Generative AI Empowerment Project

Context

Internal teams at Hawk-Eye Innovations often needed to communicate ideas for digital products and software but lacked the tools or design confidence to prototype concepts quickly. This created bottlenecks for UX teams and slowed validation.

My Role

UX research team

Project Type

Internal UX research & enablement project

Objective

Investigate whether Figma Make, an AI-powered prototyping tool, could empower non-UX staff to create usable prototypes without compromising UX quality or design standards.

The Problem

Non-UX teams relied on static documents, screenshots, or written tickets to explain ideas, making requirements unclear and difficult to validate early.

This led to
• Slow feedback loops
• Missed user insights
• Over-reliance on limited UX capacity
• Reduced collaboration across teams

Research Questions

How does Figma Make differ from core Figma in practice?

Which teams benefit most from AI-assisted prototyping?

Can non-designers create meaningful prototypes independently?

What risks does this introduce for UX quality and governance?

Evaluating AI Generative Tools for UX Prototyping - Figma Make

Before committing to a pilot with Figma Make, I conducted a comparative investigation of leading AI-assisted design tools to determine which would best support rapid prototyping for non-UX teams. The goal was to identify a solution that:

  • Enables visual idea expression without extensive UI/UX skills

  • Supports early validation and iteration

  • Integrates with existing design systems where possible

  • Minimises risk of design inconsistency or technical debt

Summary

Tools like Uizard and Builder.io supported early ideation but required additional setup or produced outputs that were difficult to align with existing UI standards. Bubble enabled powerful MVP creation but introduced complexity beyond rapid visual prototyping.

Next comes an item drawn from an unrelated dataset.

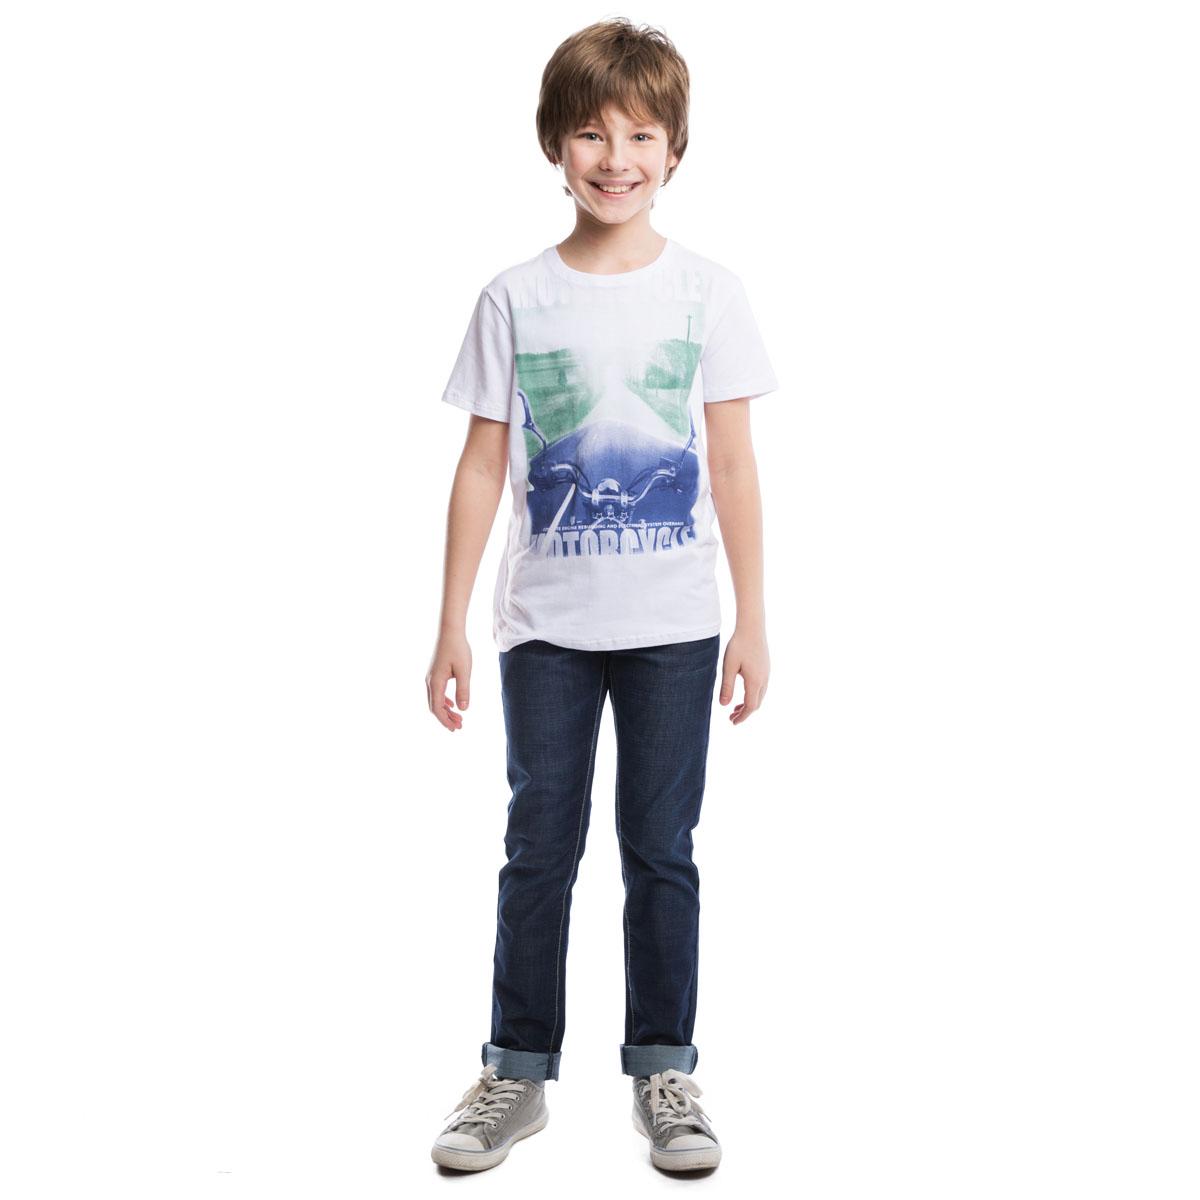 Футболка263008Мягкая хлопковая футболка с короткими рукавами и трикотажной резинкой на воротнике. Универсальный цвет позволяет сочетать ее с любой одеждой. Модель оформлена крупным водным фотопринтом с изображением мотоцикла.

Figma Make was selected because it uniquely combined natural-language prompting with direct integration into Figma and the Kitbag design system, enabling non-UX teams to generate, iterate, and align on ideas quickly while maintaining design consistency and UX oversight.

Methodology

Research approach overview showing how I evaluated Figma Make through moderated testing with non-designers, focusing on confidence, control, and real-world usability rather than output alone.

Key Insights

Figma Make showed strong potential as an ideation and prototyping accelerator for non-designers, but speed and predictability limited trust during iteration.

All participants reported that Figma Make would have saved time on previous projects and felt in control while using the tool, indicating strong potential for early-stage ideation and MVP creation.

“It was easy to pick up and start using straight away.”

- Participant 1

“It definitely would save time, especially to visualise the initial ideas quickly.”

- Participant 3

“The outputs were accurate.”

- Participant 4

“Definitely creating an MVP to show and communicate my ideas.”

- Participant 2

Key Takeaways

Figma Make can empower non-UX teams to prototype ideas faster and with more confidence, particularly during ideation and MVP exploration.


However, for sustained adoption, the tool needs faster feedback loops and clearer prompt guidance to support iterative design without breaking user trust.

Next Steps

Test with more teams
Understand how people across product, engineering, and operations use the tool in real projects.

Add clear guidance for writing prompts
Help non-designers get better results and feel more confident using the tool.

Set simple design boundaries
Use the Kitbag design system to keep ideas consistent while still allowing teams to explore.

Measure real impact
Look at time saved, confidence, and collaboration to understand the tool’s value in day-to-day work.